* _Extracted entries_:

━━━━━━━━━━━━━━━━━━━━━━━━━━━━━━

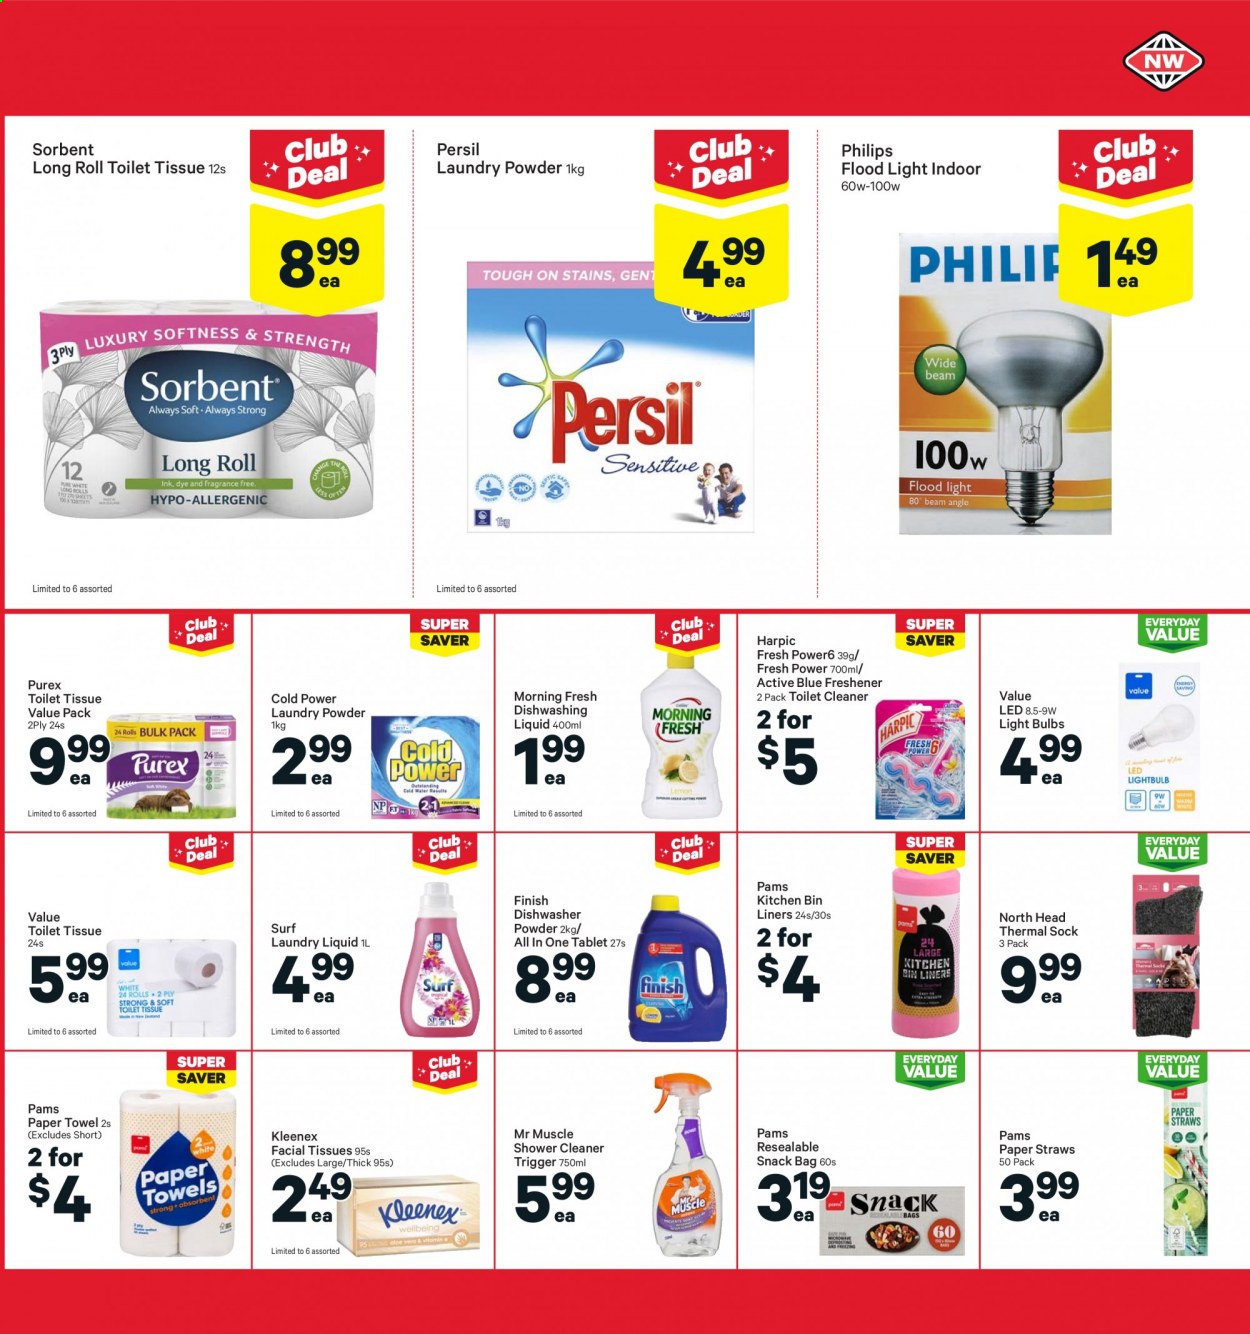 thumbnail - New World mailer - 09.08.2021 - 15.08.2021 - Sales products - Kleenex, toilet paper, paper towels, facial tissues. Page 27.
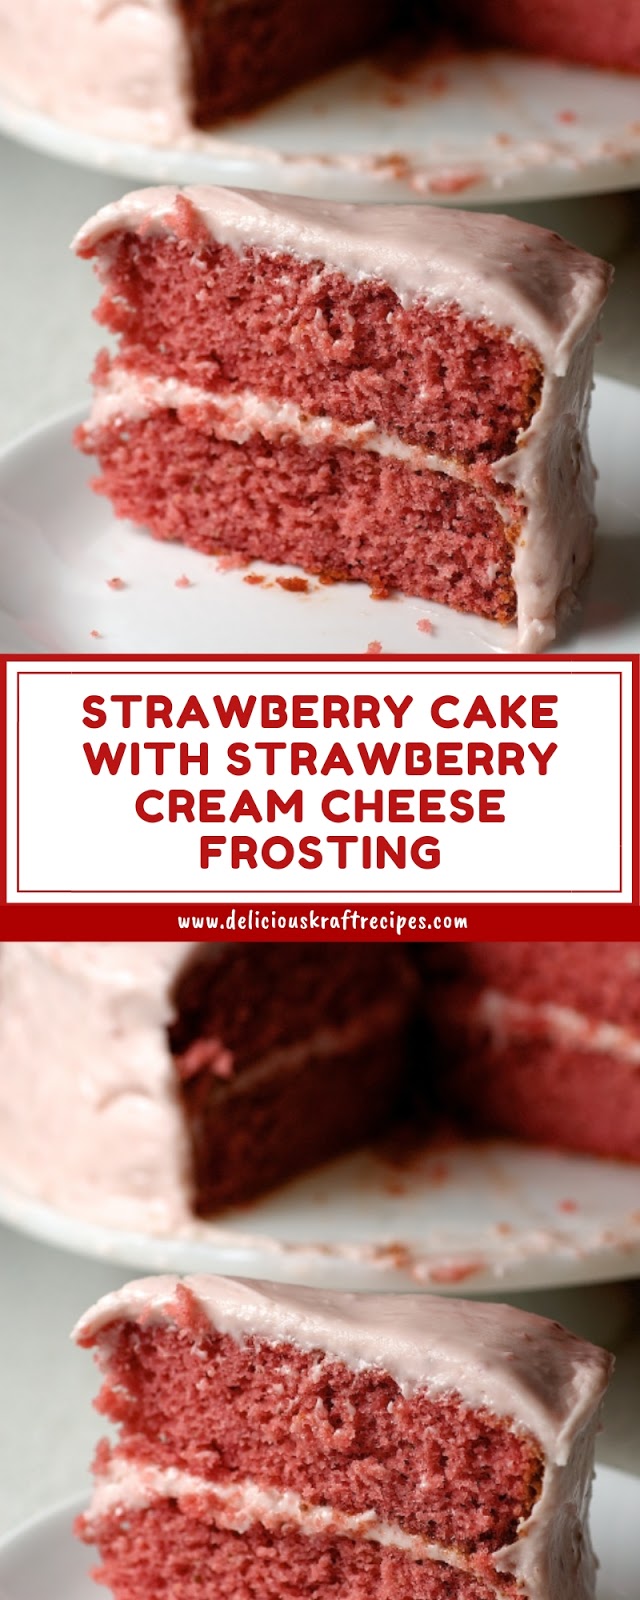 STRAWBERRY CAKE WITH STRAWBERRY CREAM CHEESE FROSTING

━━━━━━━━━━━━━━━━━━━━━━━━━━━━━━

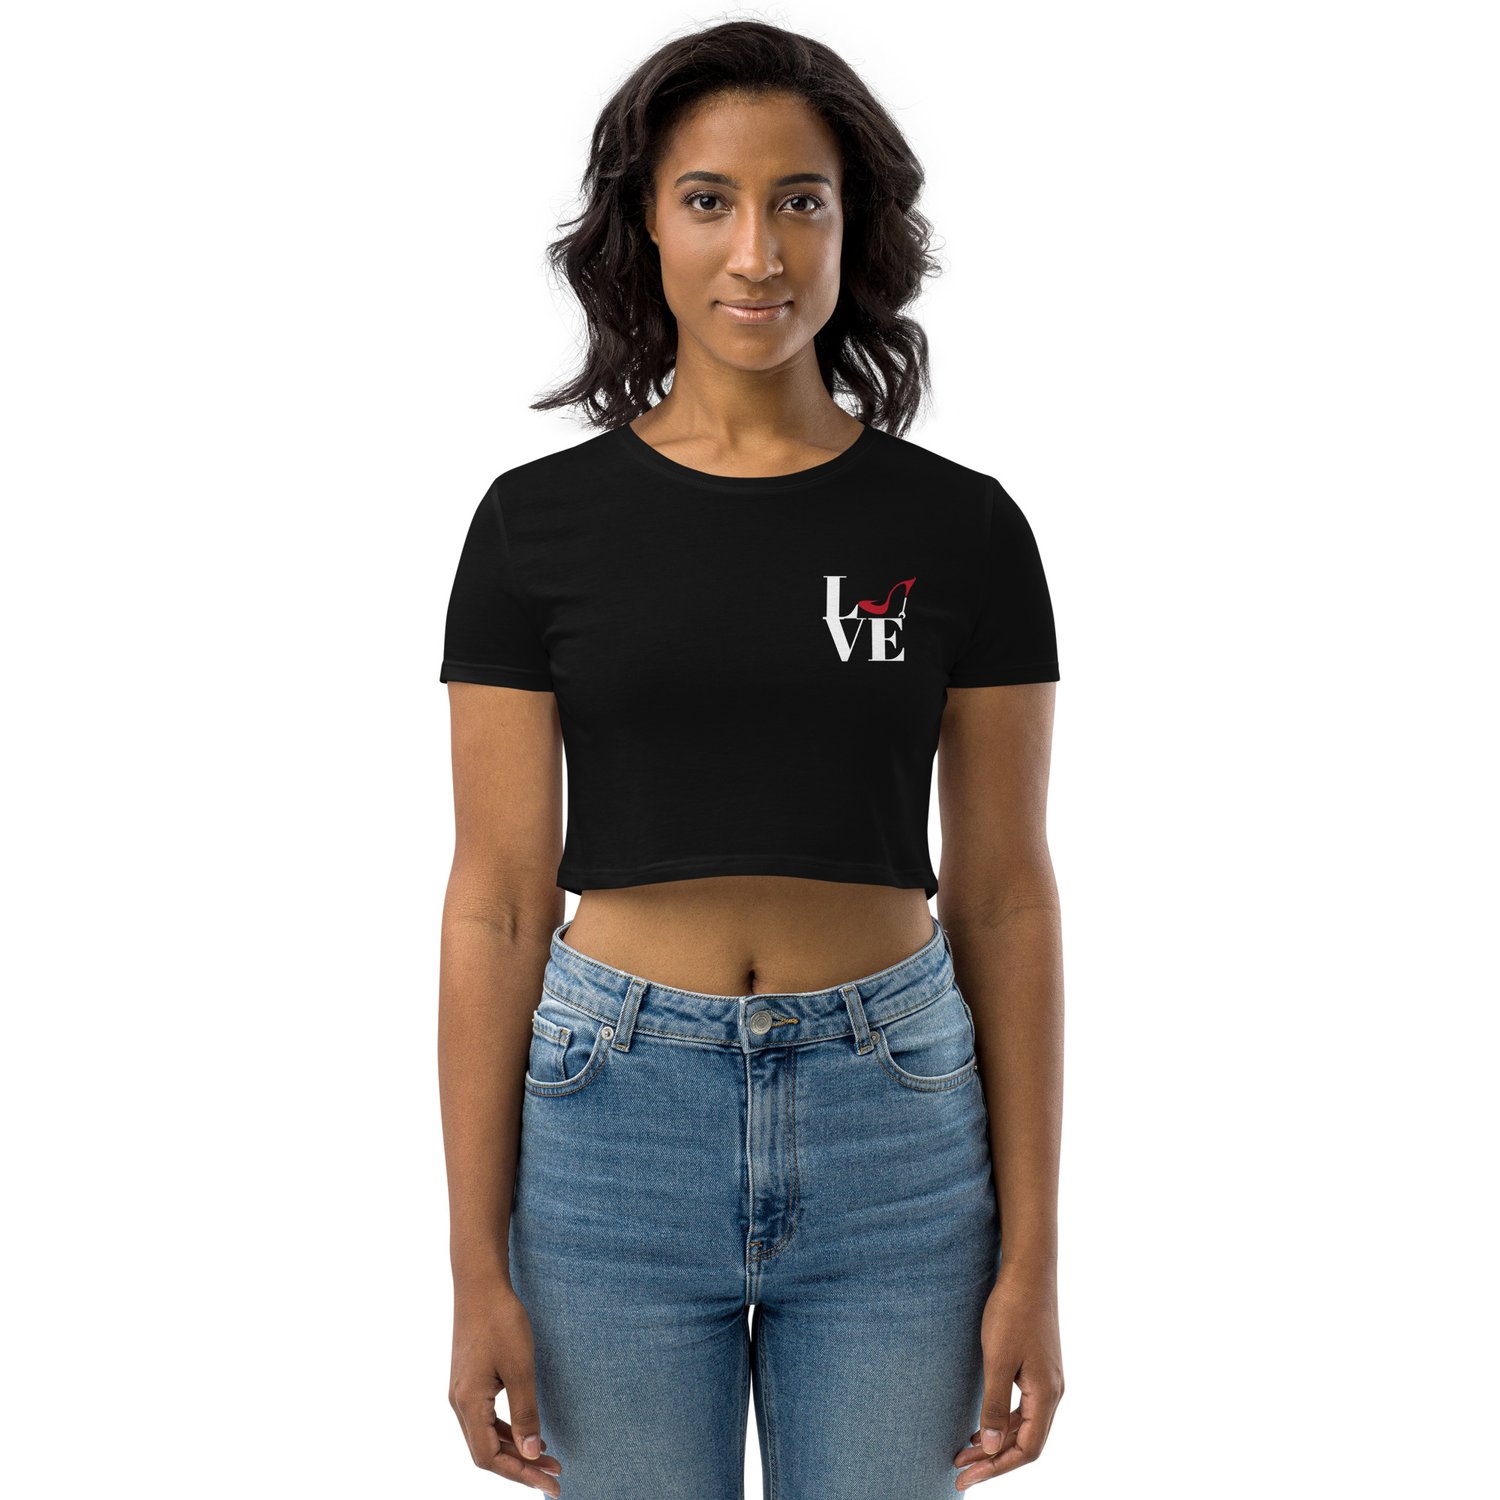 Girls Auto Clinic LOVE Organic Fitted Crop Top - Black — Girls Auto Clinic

━━━━━━━━━━━━━━━━━━━━━━━━━━━━━━

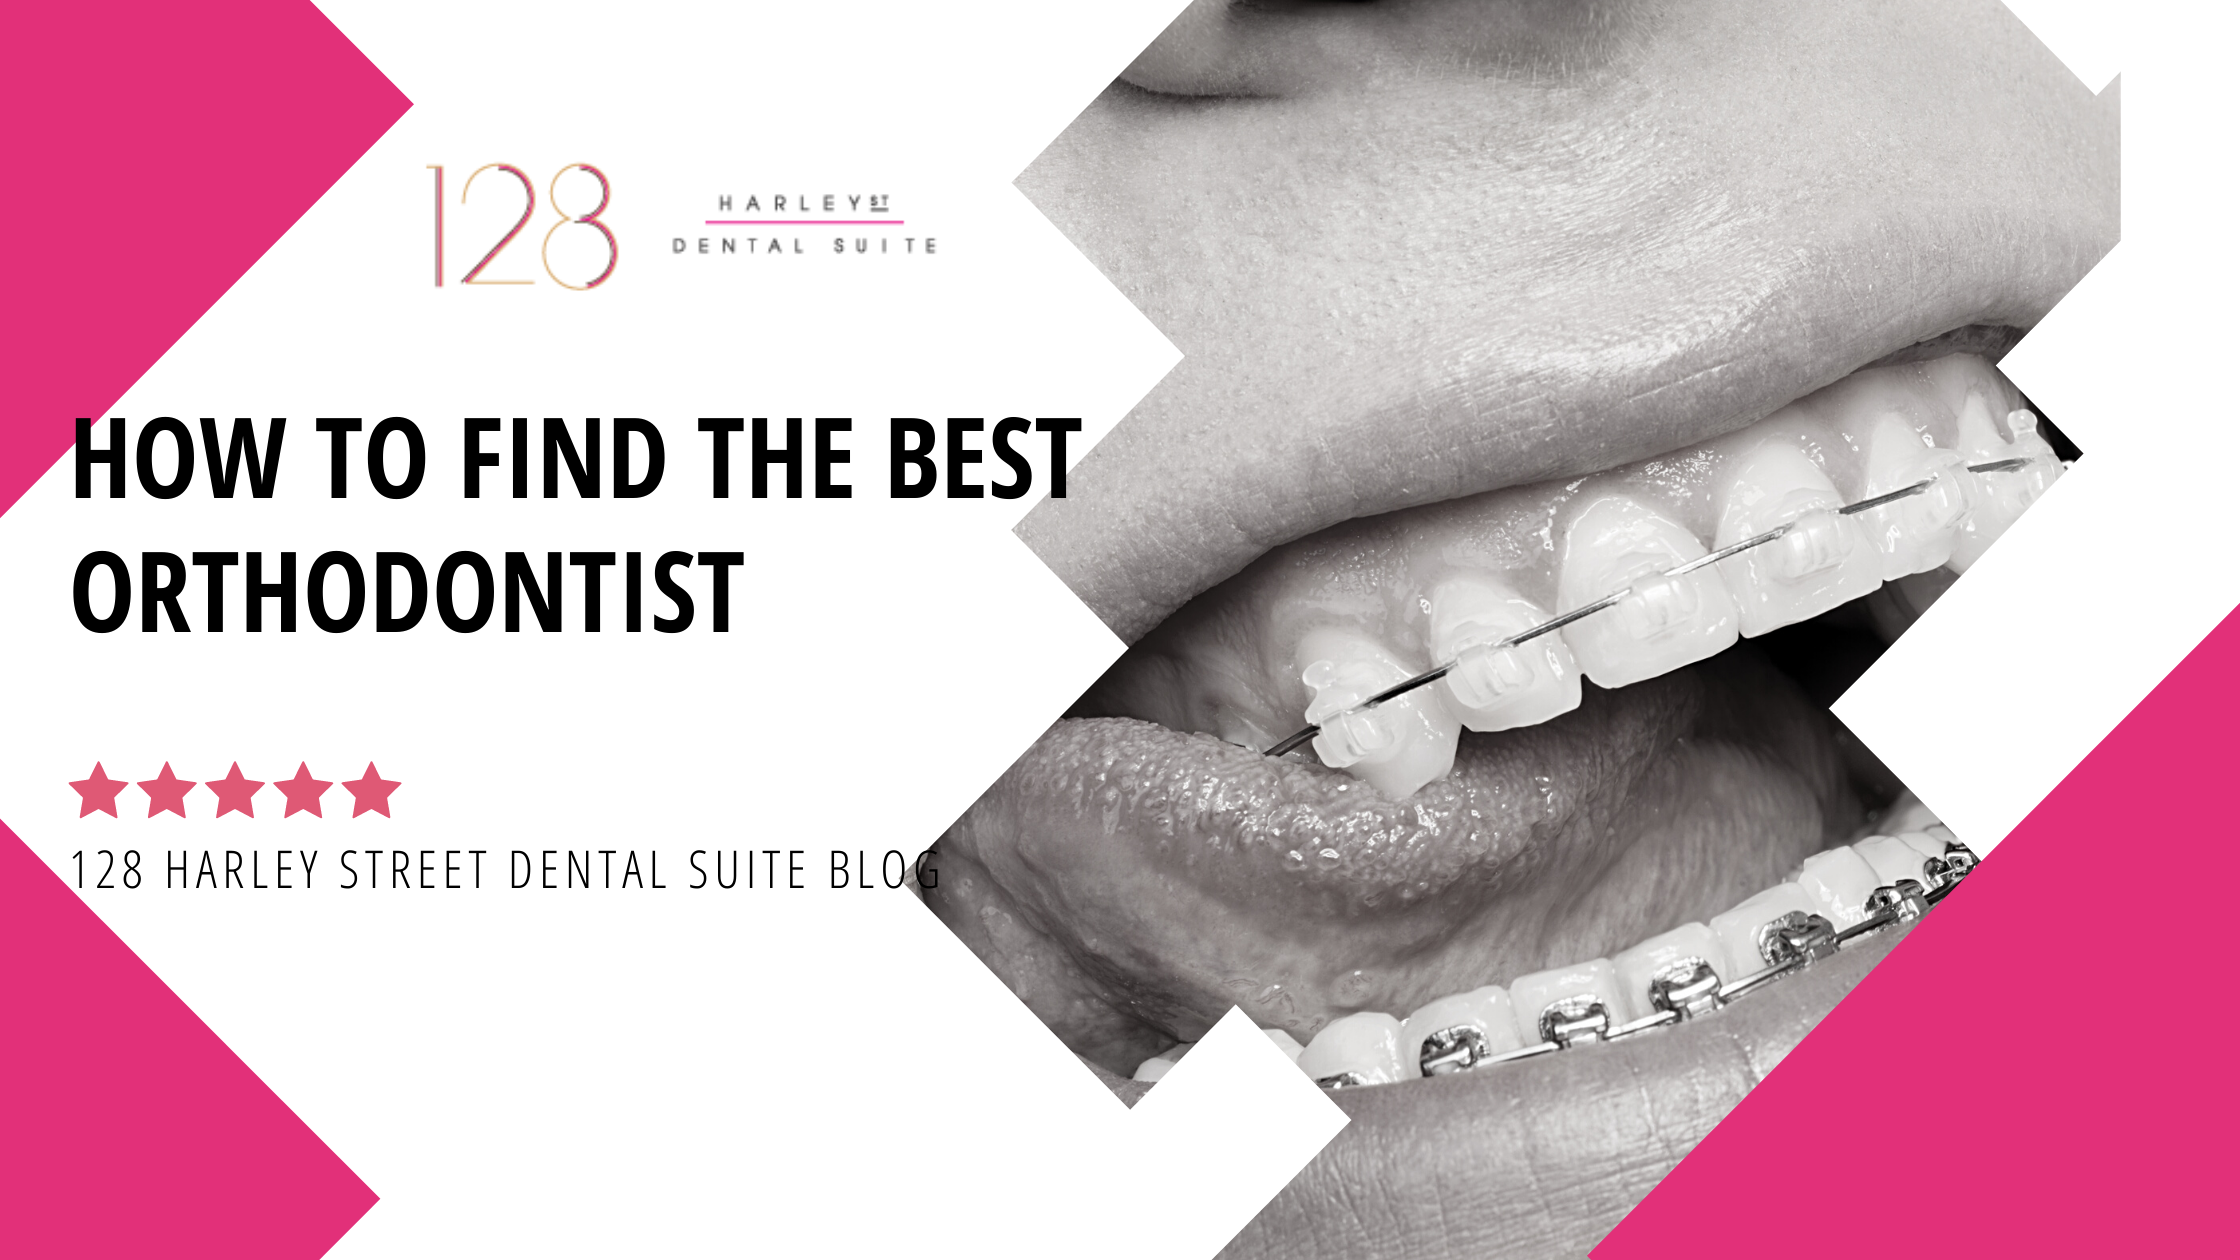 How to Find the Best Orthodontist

━━━━━━━━━━━━━━━━━━━━━━━━━━━━━━

* _What to do_: Both the line above containing "thumbnail - New" and the line containing "STRAWBERRY CAKE WITH" belong in the copy, along with every line between them; print these exactly and omit the pictures.

* _Answer section_:
 thumbnail - New World mailer - 09.08.2021 - 15.08.2021 - Sales products - Kleenex, toilet paper, paper towels, facial tissues. Page 27.
 STRAWBERRY CAKE WITH STRAWBERRY CREAM CHEESE FROSTING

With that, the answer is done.